*** Opening of STORED DATA ***
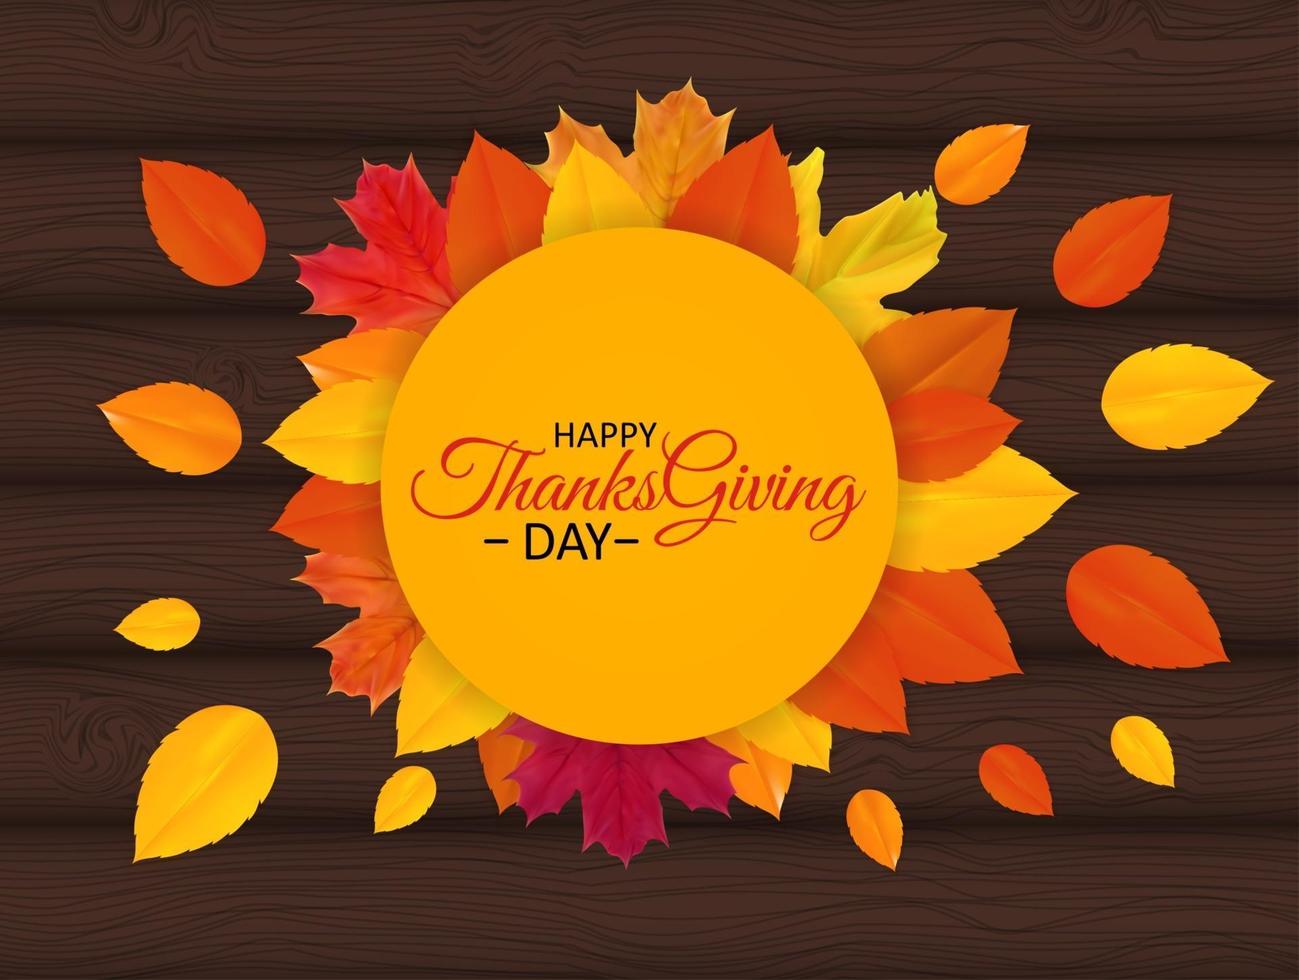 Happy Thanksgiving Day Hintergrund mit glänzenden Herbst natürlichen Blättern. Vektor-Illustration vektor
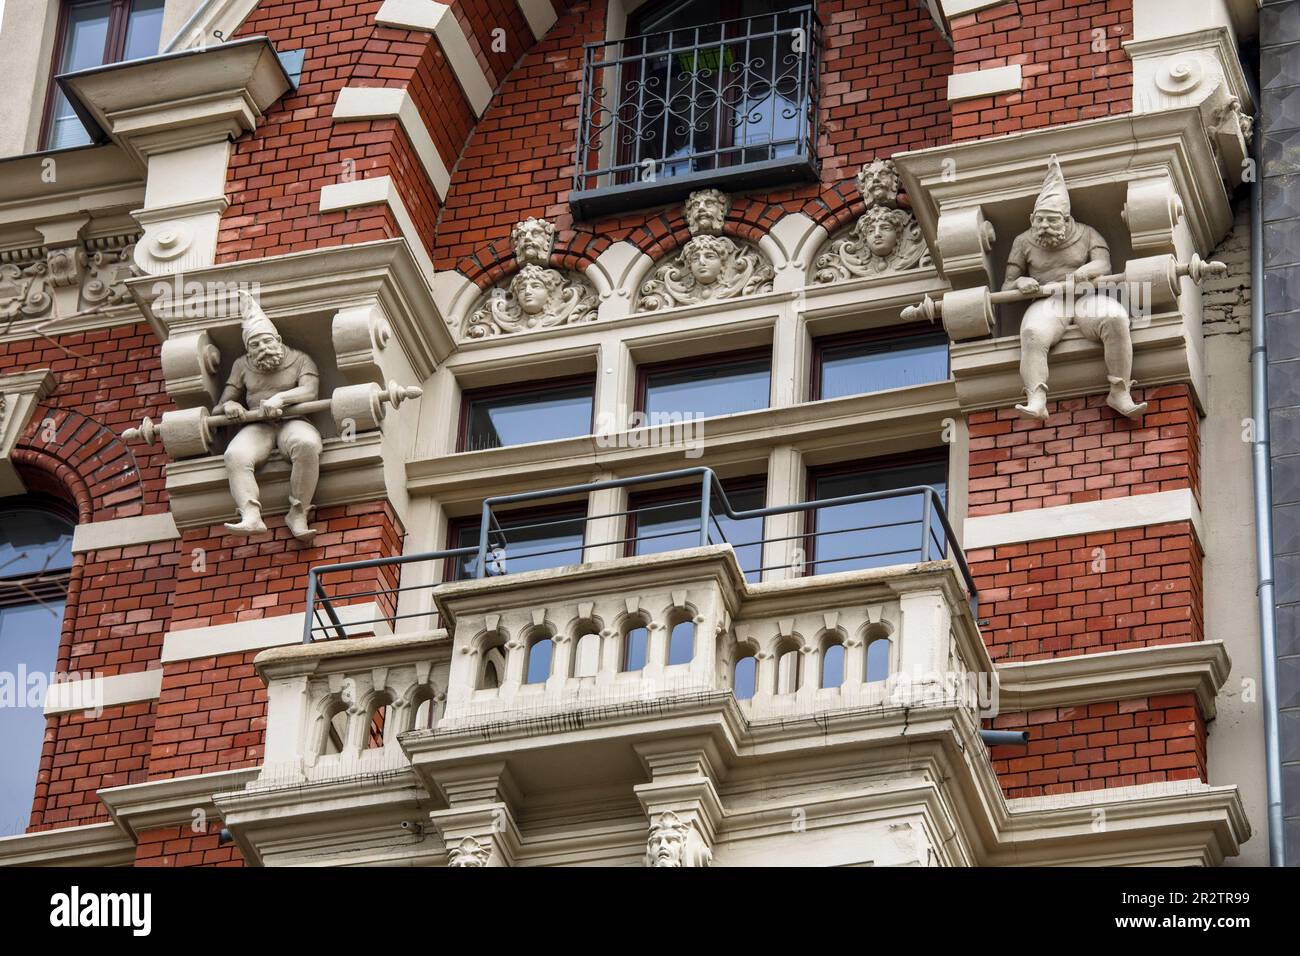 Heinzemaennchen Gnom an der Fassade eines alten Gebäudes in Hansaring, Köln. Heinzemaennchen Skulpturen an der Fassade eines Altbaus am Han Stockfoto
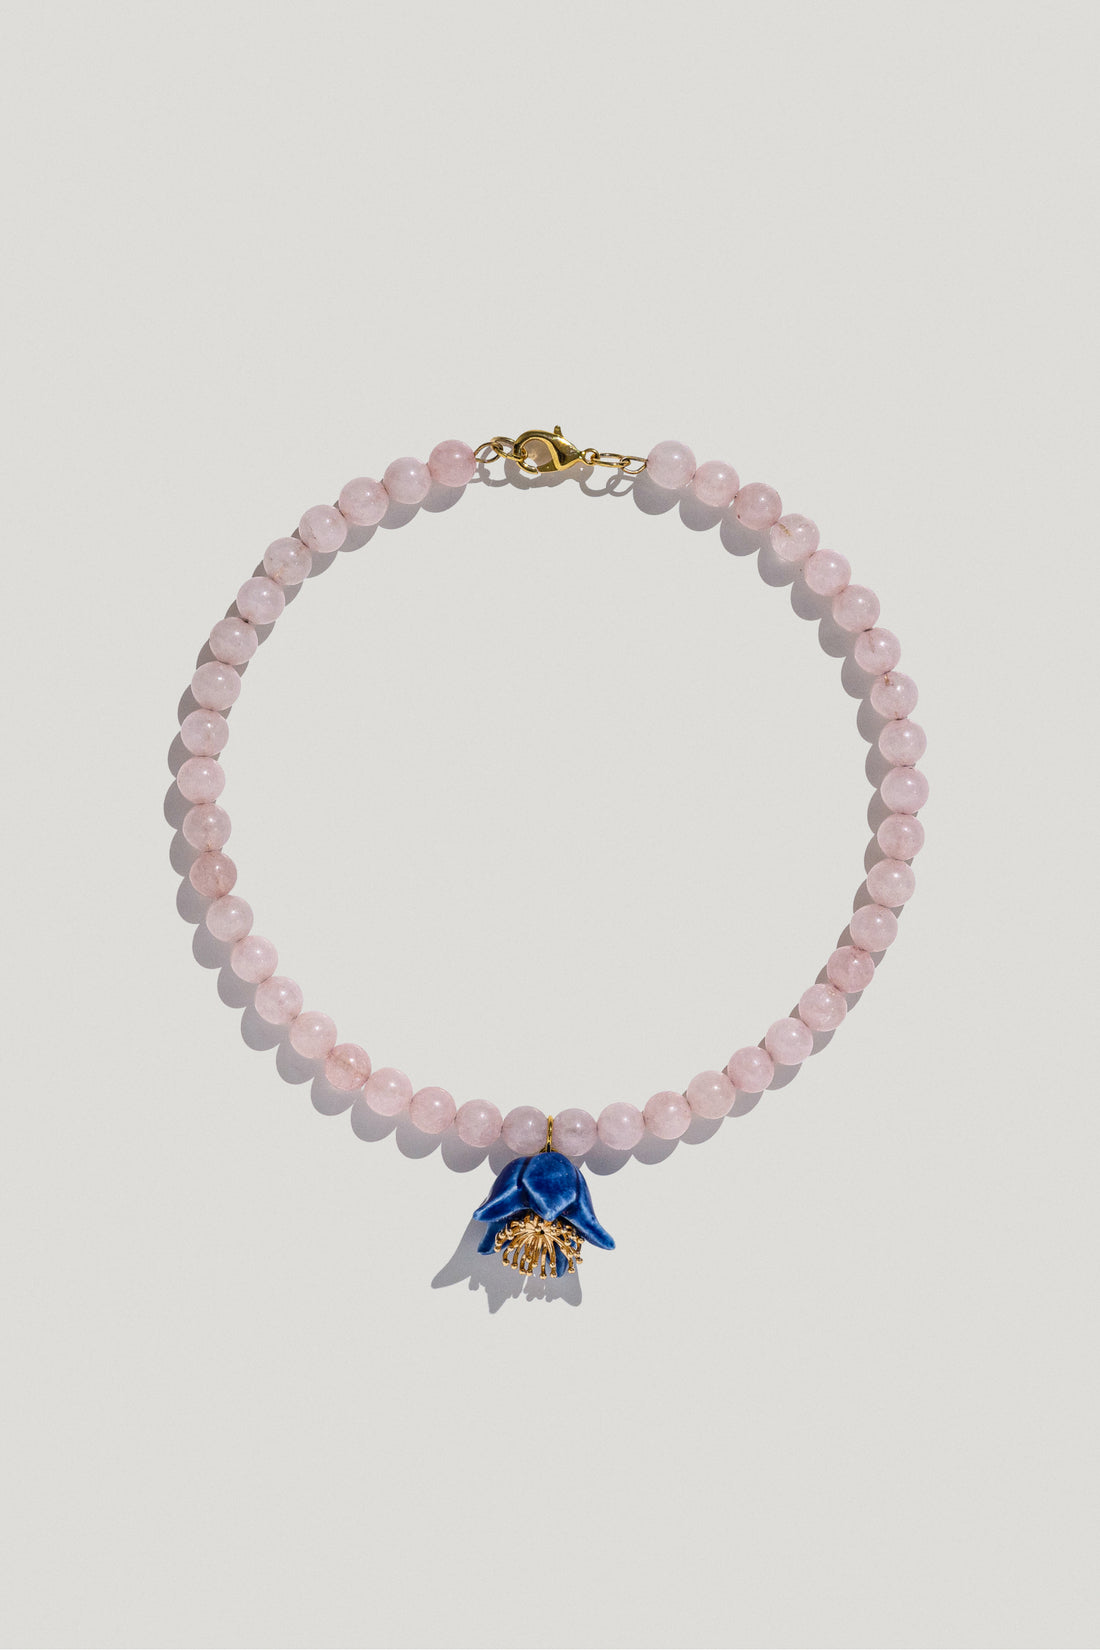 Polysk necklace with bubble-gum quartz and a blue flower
*** Close of STORED DATA ***
*EXERCISE OBJECTIVE:*
Would you give the data above again word for word, skipping any images?

*OUTPUT OF THE EXERCISE:*
 Happy Thanksgiving Day Hintergrund mit glänzenden Herbst natürlichen Blättern. Vektor-Illustration vektor
 Heinzemaennchen Gnom an der Fassade eines alten Gebäudes in Hansaring, Köln. Heinzemaennchen Skulpturen an der Fassade eines Altbaus am Han Stockfoto
 Polysk necklace with bubble-gum quartz and a blue flower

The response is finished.